How I Finally Figured Out My Diagnosis ... and Regained My Health
I didn't fill the prescriptions. I knew the solutions suggested weren't the solutions for me. In my work with clients, I believe strongly in holistic health, and I wasn't ready to go the medication route just yet. I continued to look for answers on my own.
Finally, during another Saturday of fervent research, I stumbled across an article highlighting signs of hypothyroidism. I had every single one.
But my doctor had assured me hypothyroidism wasn't a possibility; my TSH levels were in the "normal" range. After more research, though, I learned that the TSH doesn't tell the whole story, so I requested T3- and T4-specific tests.
They returned with a diagnosis of hypothyroidism, a condition in which the thyroid gland doesn't produce enough thyroid hormone. For the first time in years I felt validated in my health journey.
My naturopath prescribed me a compounded desiccated thyroid supplement, which differs from traditional thyroid supplements in that it contains both T3 and T4 (and is appropriate for people who have trouble converting T4 into T3, the body's usable thyroid hormone). Within days I felt like a new person. I had energy, actually fell asleep for more than three hours a night, could concentrate in sessions with clients, and saw a marked increase in my mood.
My hair stopped falling out, my joints stopped hurting constantly, my skin stopped flaking, my digestion resumed, and my blood tests six weeks later revealed encouraging hormone levels and normal blood sugar.
Honestly, though, I didn't need the blood tests to know I was healing. I finally felt normal again.
And guess what? I started getting regular periods. They're still not perfect — if I'm under a lot of stress or go on a yoga hiatus, I won't get one. But for the most part, I can trust that my body is no longer in chaos. I don't think about it anymore — and that's the best part.

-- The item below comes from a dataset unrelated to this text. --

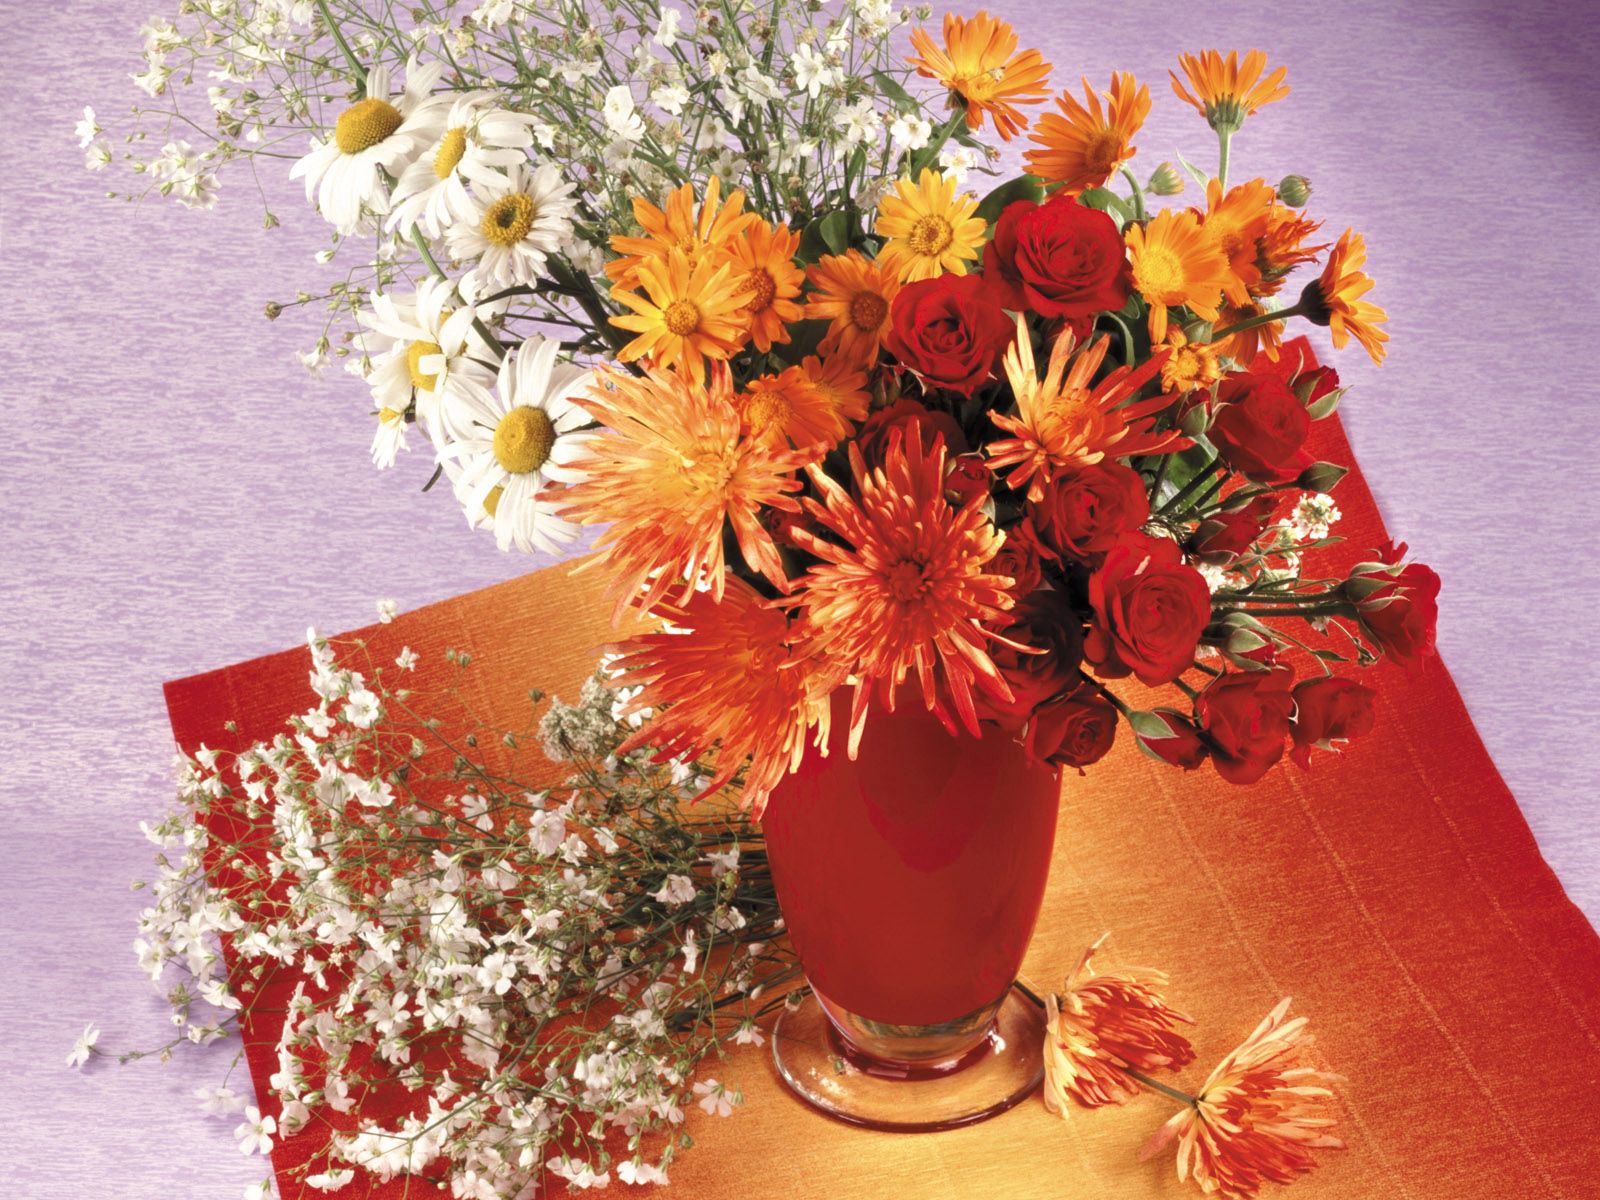 flowers, roses, chrysanthemum, vase, daisies 1080p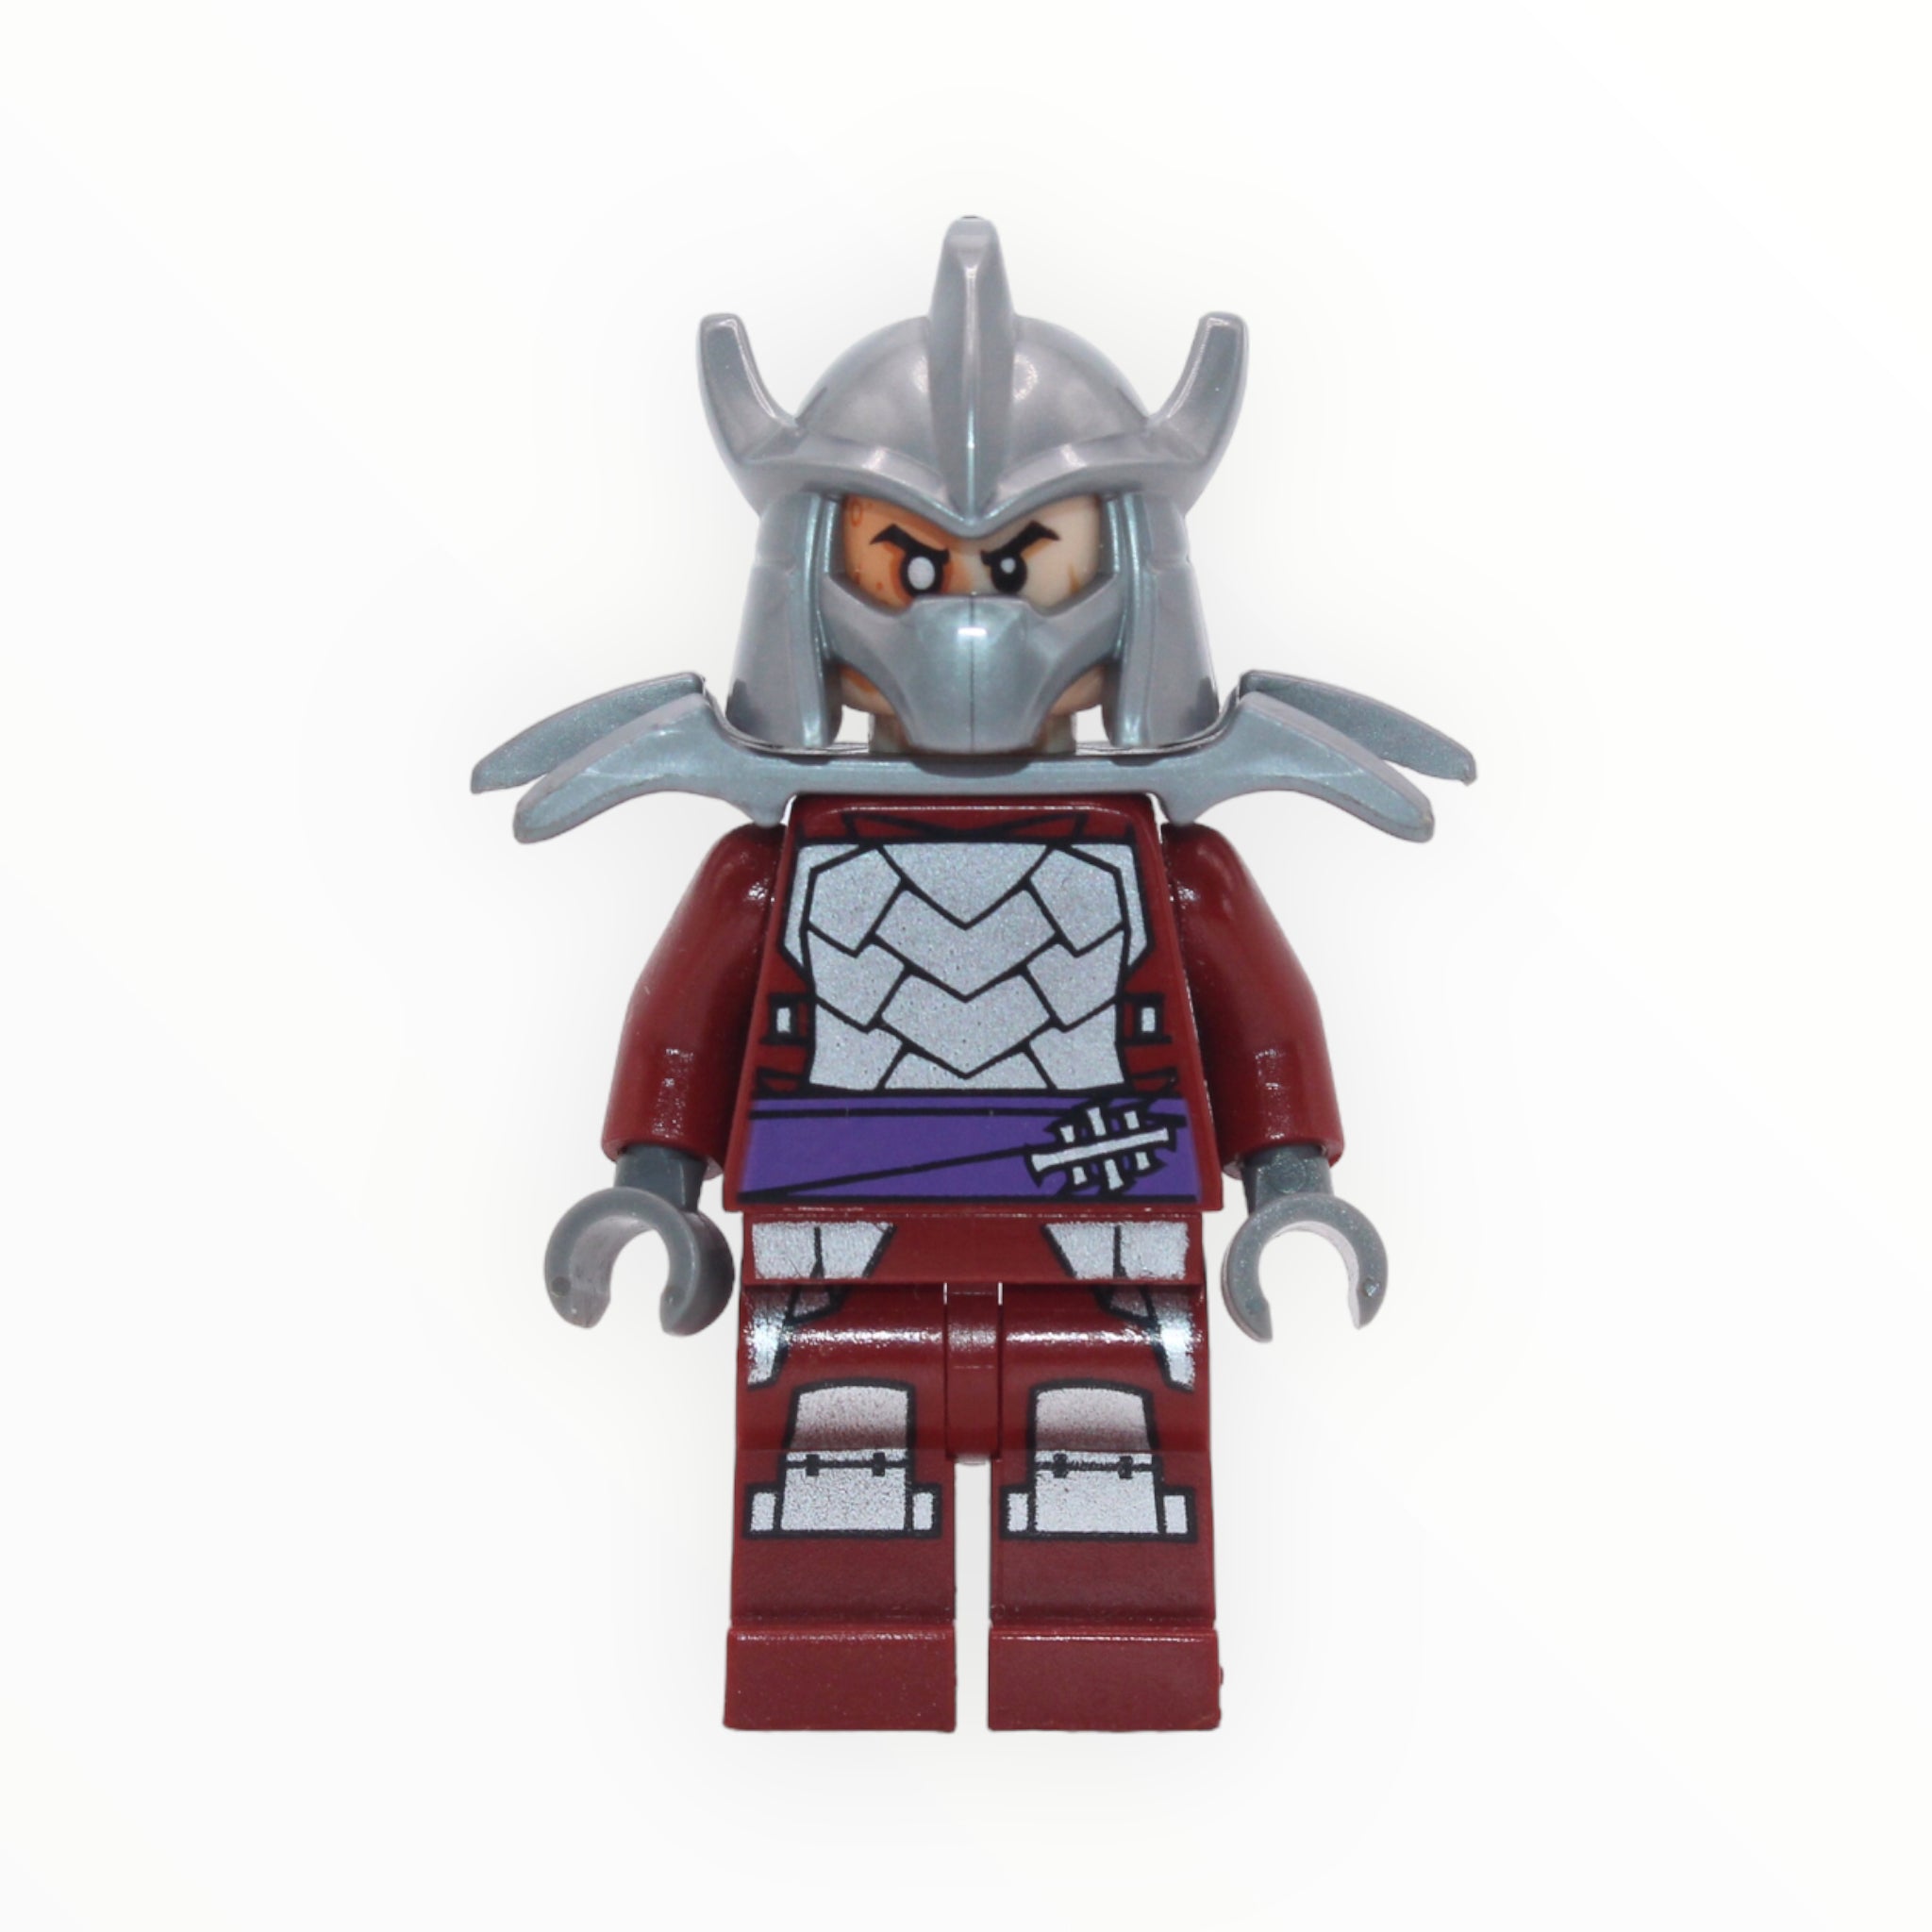 Shredder (dark red outfit, shoulder armor, no cape)

I also feel encouraged knowing that, if I decide I want children, I now have a good chance of conceiving naturally. My most recent blood tests show normal hormonal levels for someone my age.
My story may not be a treatment plan for your own journey. But what I hope you get out of it is empowerment to advocate for your health. If you're experiencing symptoms, don't stop seeking answers because someone tells you your tests show that you're in the "normal range." There's nothing wrong with getting a second or third opinion, or taking an alternative treatment route if you feel uncomfortable with the "traditional" one. Don't let anyone shame you into staying silent or accepting one solution.
You are the expert about your body, and you deserve to enjoy inhabiting it.